A lightweight library of useful Clojure functions

Eclipse Public License 1.0

870 stars 67 forks source link

Suggested addition: generalization of group-by/index-by #90

Closed maxrothman closed 6 months ago

maxrothman commented 8 months ago

Not infrequently I find myself wanting to to group a collection with a custom collation. Between medley and clojure.core we already have two functions with hard-coded collations: group-by uses conj on a vector, and index-by uses last-wins collation. Both functions could be implemented in terms of a more general one that also lets devs provide their own collations:

;; Placeholder name, this could even be additional arities of index-by
;; Naive implementation, not optimized
(defn group-with
  "key fn, collating fn, initial value, coll"
  ([kf cf coll]
   (reduce #(let [k (kf %2)]
              (assoc %1 k (if-some [v (get %1 k)] 
                            (cf v %2)
                            %2)))
           {} coll))
  ([kf cf init coll]
   (reduce #(update %1 (kf %2) (fnil cf init) %2) {} coll)))

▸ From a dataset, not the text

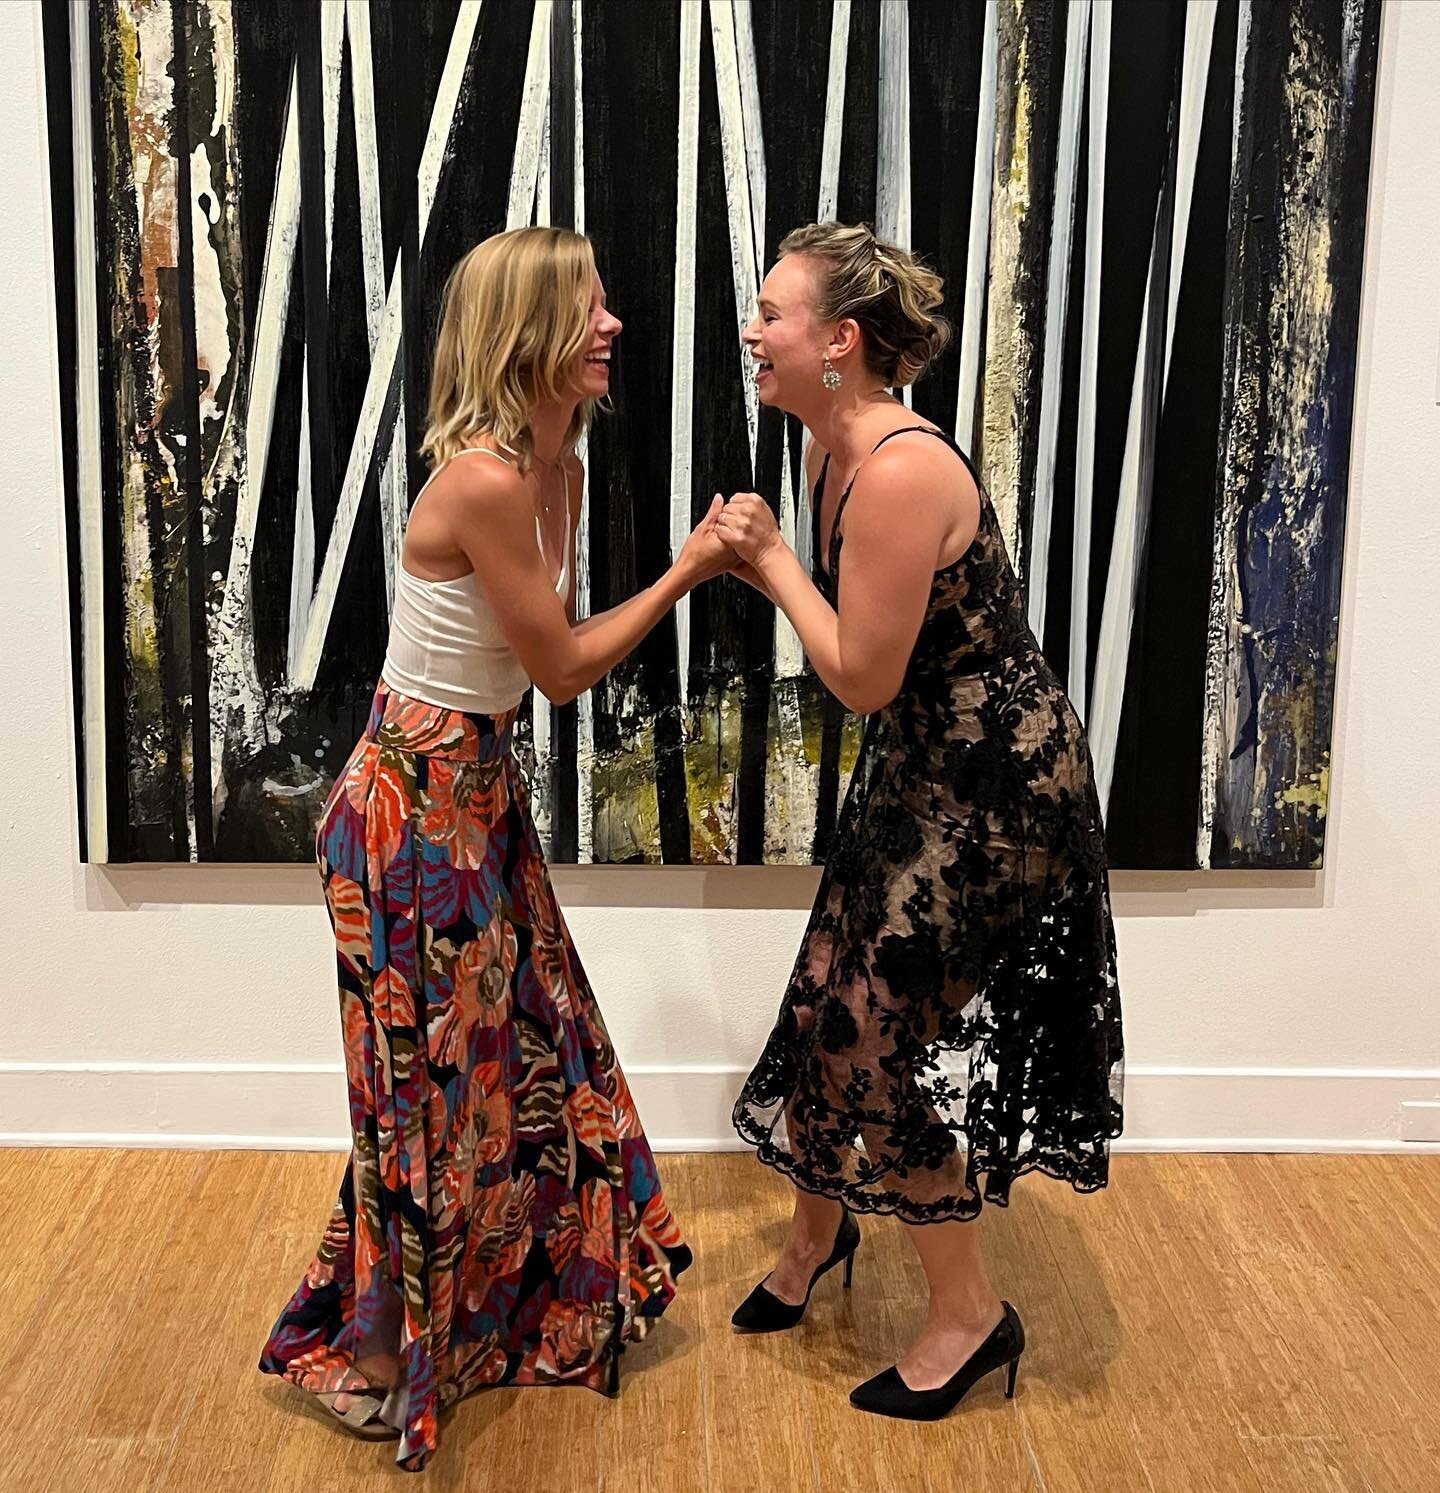 GREAT LOVE! @deannabreiwick is a sensational and nuanced artist and the absolute BEST recitalist you could ever even hope to hear! I feel so lucky to have been in the presence of such artistry at her recital at @lagunaartmuseum last night, and then t

Here are some usage examples that compare implementations with and without this function:

(def data
  ["apple" "banana" "clojure" "aardvark"])

;; Implementing group-by in terms of group-with
(group-by first data)
(group-with first conj [] data)

;; What if you want to use a different collection type?
(reduce #(update %1 (first %2) (fnil conj #{}) %2) {} data)
(-> (group-by first data) (update-vals set))  ;more clear, but inefficient

(group-with first conj #{} data)

;; First, defining a helper. This might also be a useful addition to medley, I'll file a separate issue if you're interested
(defn unapply
 "The opposite of apply: (unapply f [a b] c d) -> (f a b [c d])"
 [f & args]
  (if (and (vector? (first args)) (seq (rest args)))
    ((apply partial f (first args)) (rest args))
    (f args)))

;; Implementing index-by in terms of group-with
(into {} (map (juxt first identity)) data)
(-> (group-by first data) (update-vals last))  ;more clear, but inefficient
(reduce #(assoc %1 (first %2) %2) {} data)
(m/index-by first data)  ;obviously index-by is the most concise

(group-with first (fn [_ b] b) data)
(group-with first (partial unapply second) data)  ;unapply helps this read a little more clearly

;; What if you want first-wins collation instead of index-by's last-wins collation?
(reduce #(if (get %1 (first %2)) %1 (assoc %1 (first %2) %2)) {} data)  ;trickier because you have to deal with the initial nil value case
(reduce #(update %1 (first %2) (fn [a b] (if (some? a) a b)) %2) {} data)
(into {} (reverse (map (juxt [first identity]) data)))
(-> (group-by first data) (update-vals first))  ;more clear, but inefficient

(group-with first (fn [a _] a) data)  ;much better symmetry with the last-wins case
(group-with first (partial unapply first) data)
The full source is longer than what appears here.